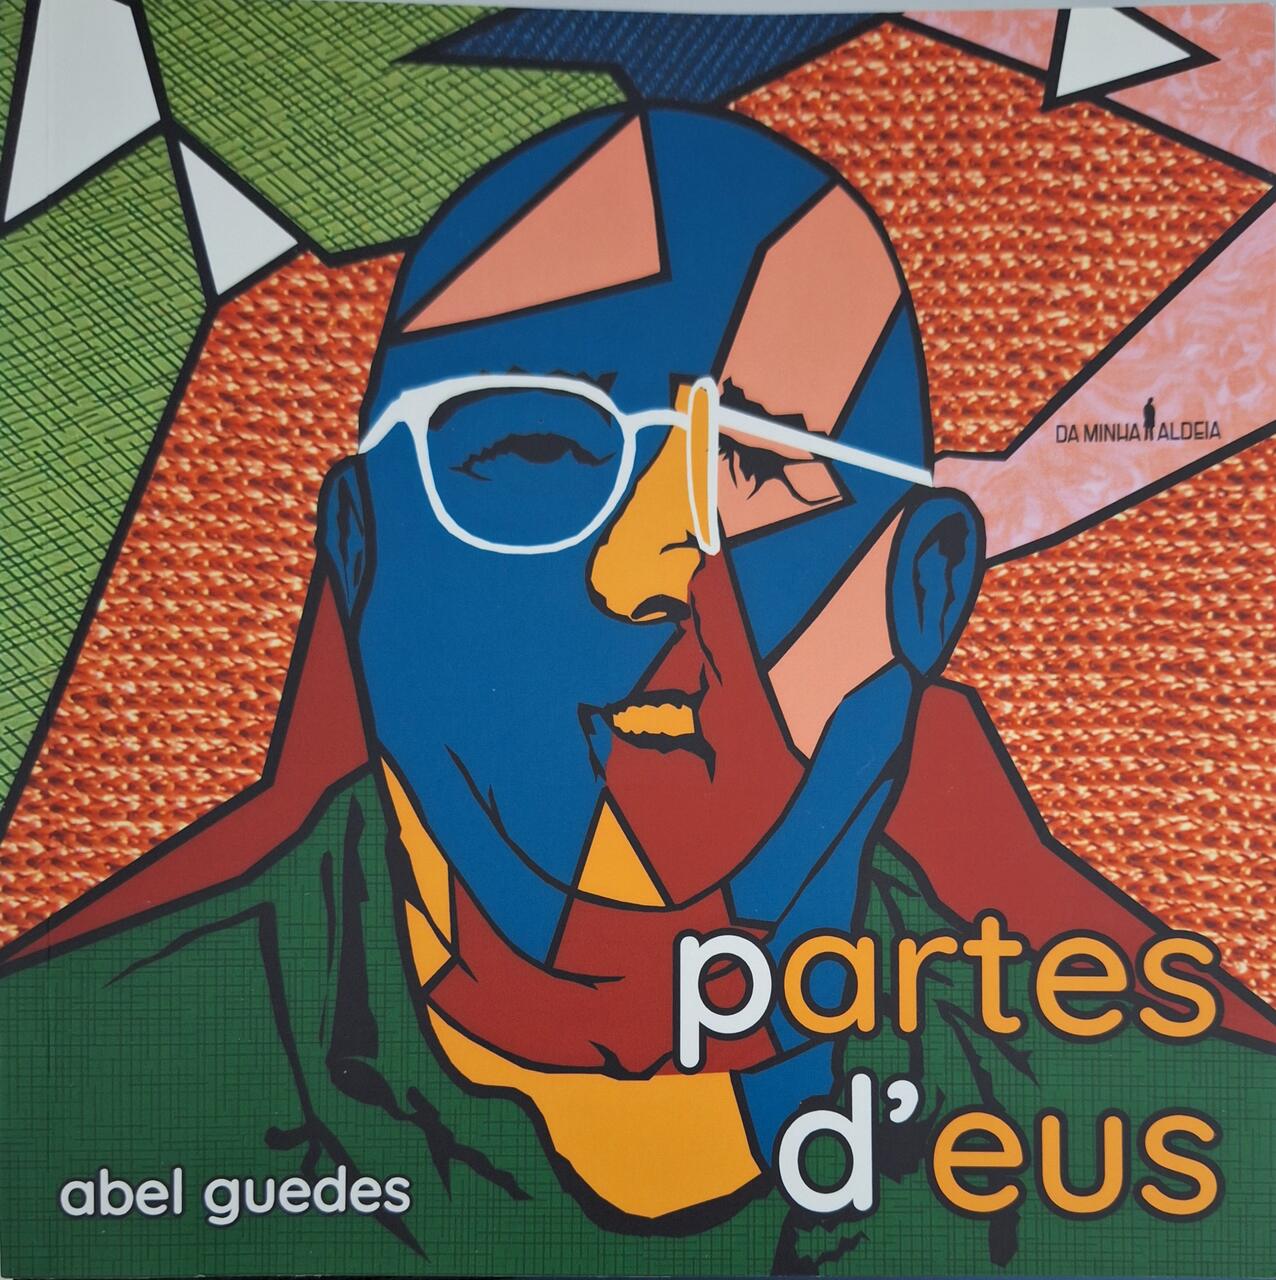 Capa do livro Partes d'eus, de Abel Guedes, pela Editora Na minha aldeia
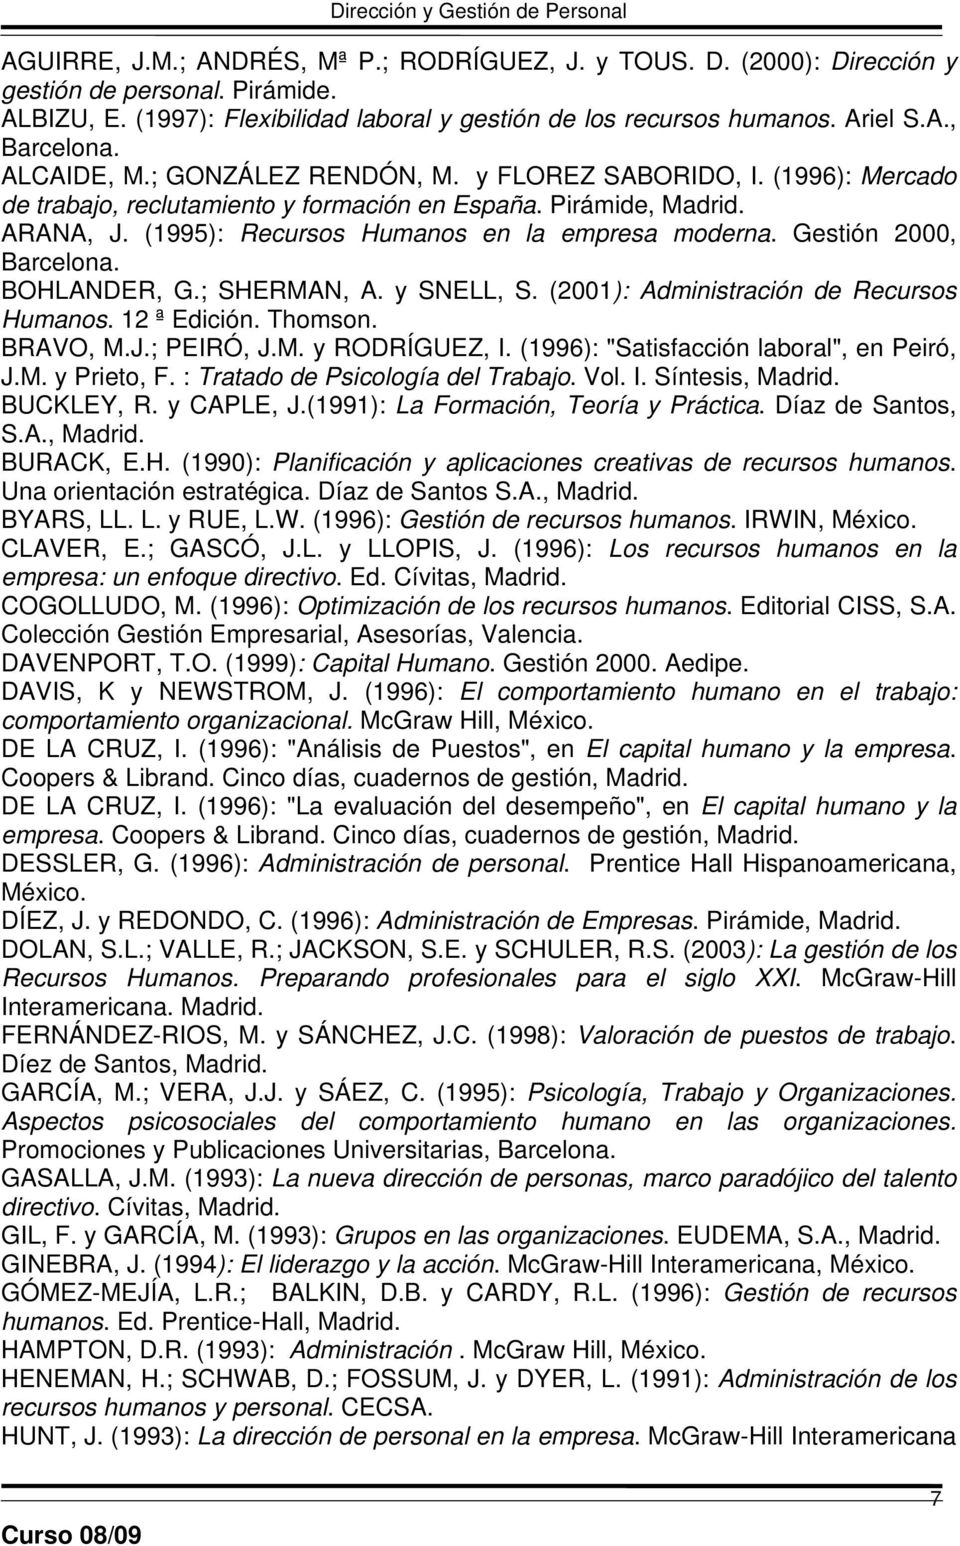 Gestión 2000, Barcelona. BOHLANDER, G.; SHERMAN, A. y SNELL, S. (2001): Administración de Recursos Humanos. 12 ª Edición. Thomson. BRAVO, M.J.; PEIRÓ, J.M. y RODRÍGUEZ, I.
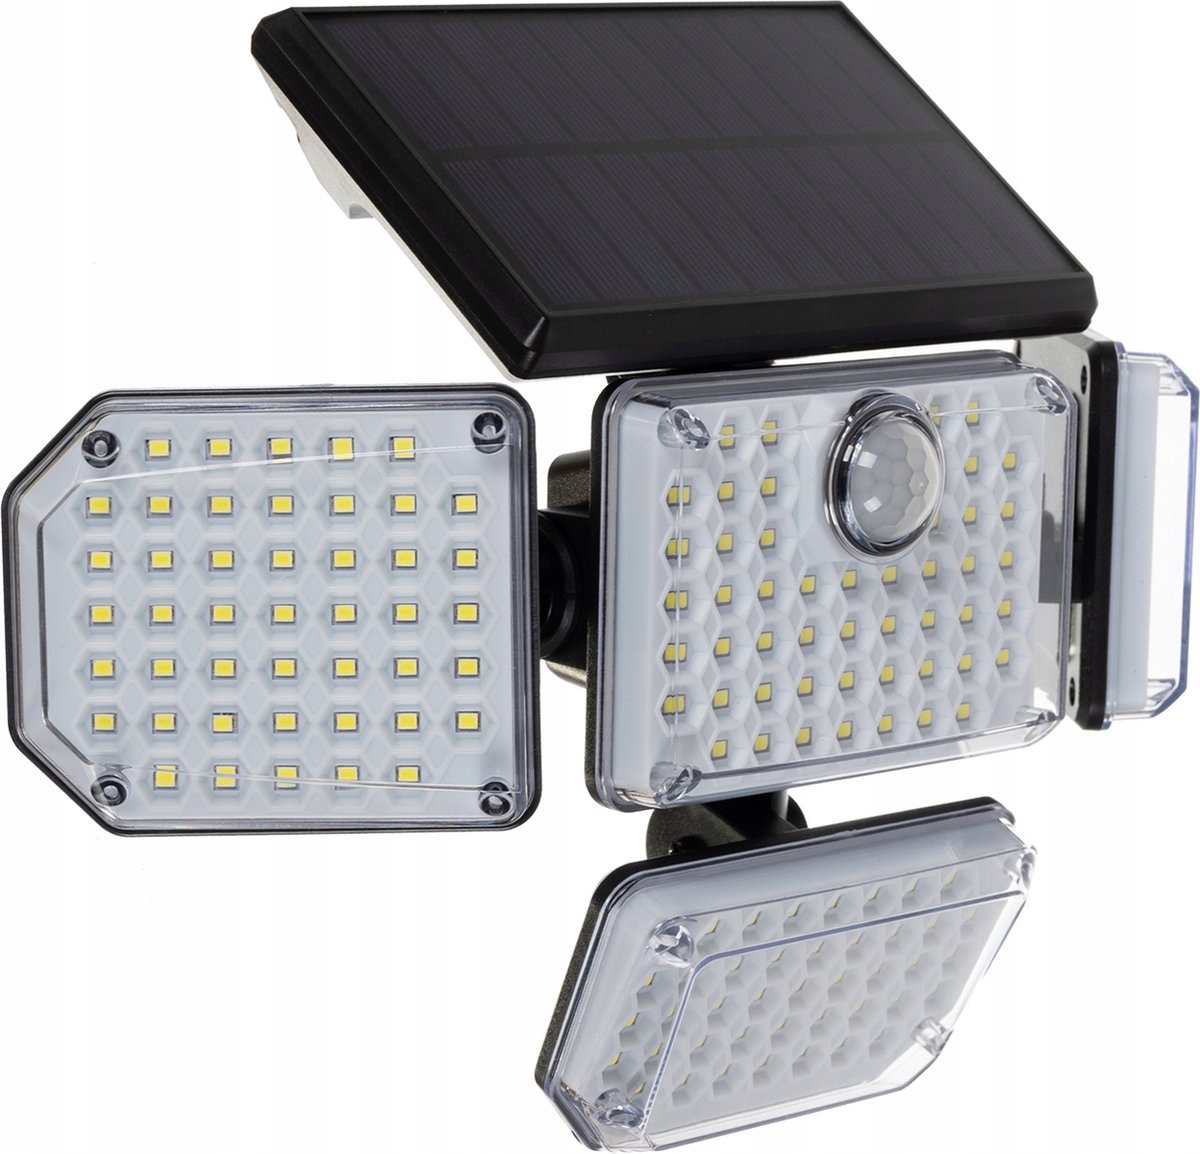 Automatische Solar LED lamp - 171 LED - Bewegingssensor - Zonne-energie - Tuinverlichting voor hek en wand
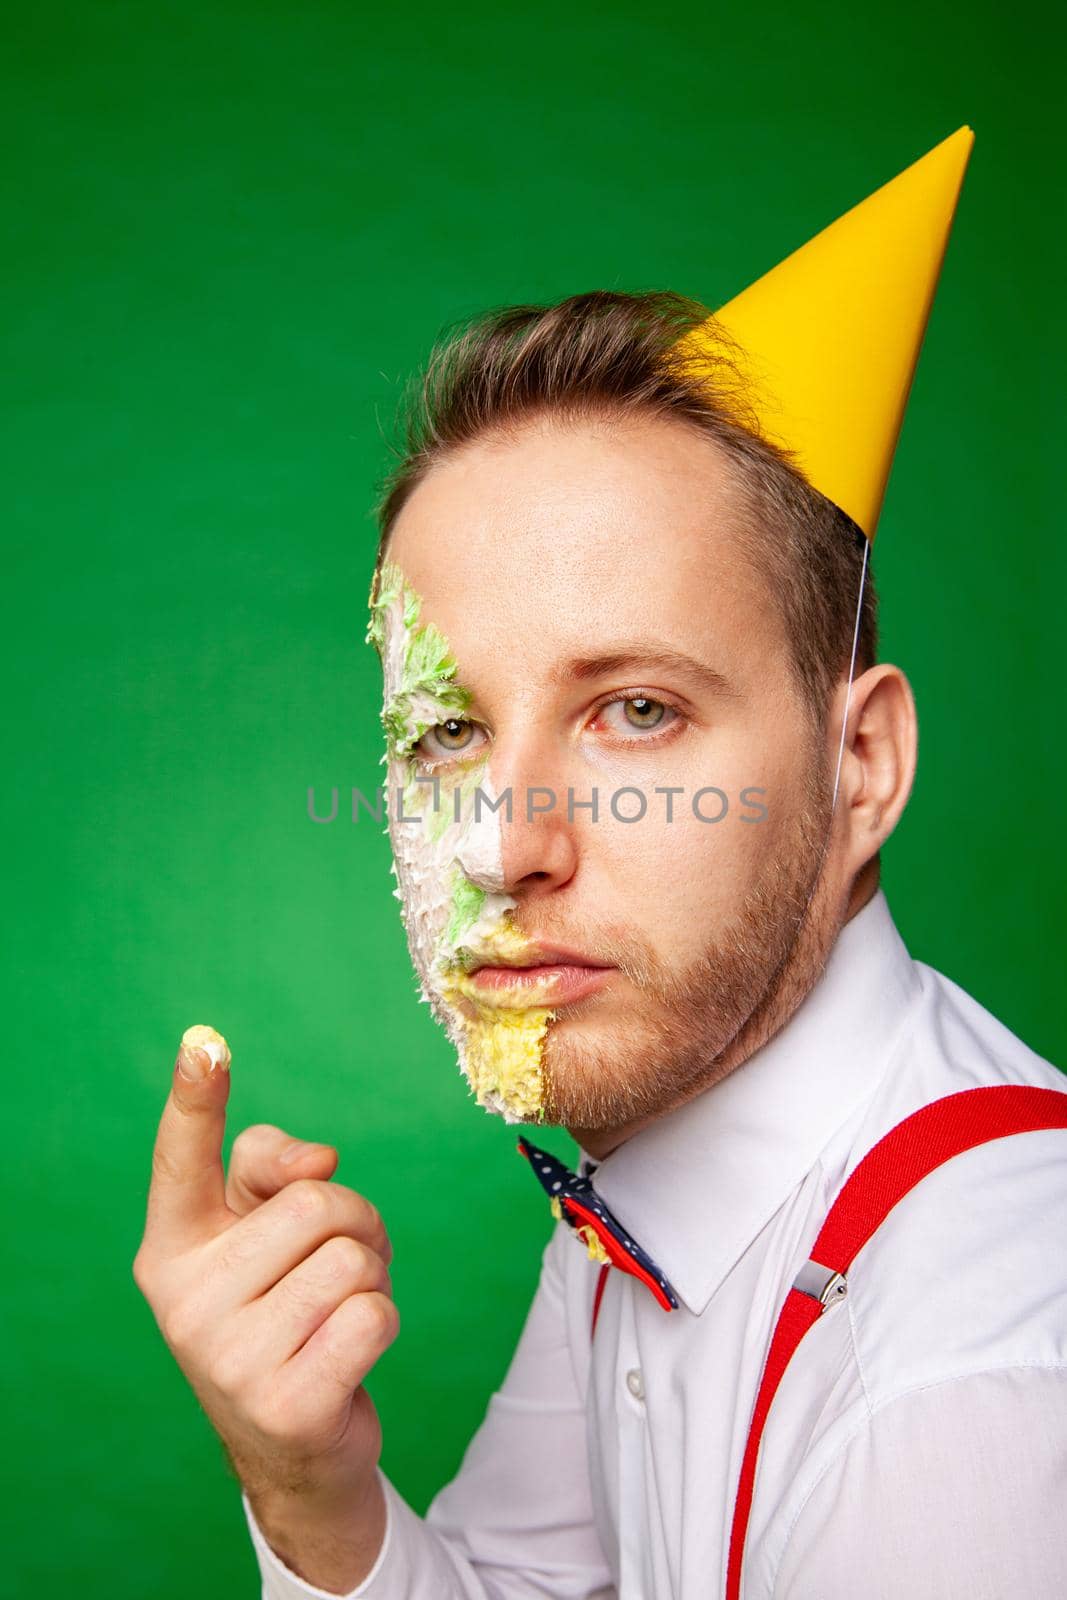 Man tasting birthday cake on green background by Julenochek

## INSTRUCTIONS FOR THE TASK
Give back the full listing above word for word, and let no picture through.

## SOLUTION TO THIS TASK
 Capa do livro Partes d'eus, de Abel Guedes, pela Editora Na minha aldeia
 Gestión 2000, Barcelona. BOHLANDER, G.; SHERMAN, A. y SNELL, S. (2001): Administración de Recursos Humanos. 12 ª Edición. Thomson. BRAVO, M.J.; PEIRÓ, J.M. y RODRÍGUEZ, I.
 Automatische Solar LED lamp - 171 LED - Bewegingssensor - Zonne-energie - Tuinverlichting voor hek en wand
 Man tasting birthday cake on green background by Julenochek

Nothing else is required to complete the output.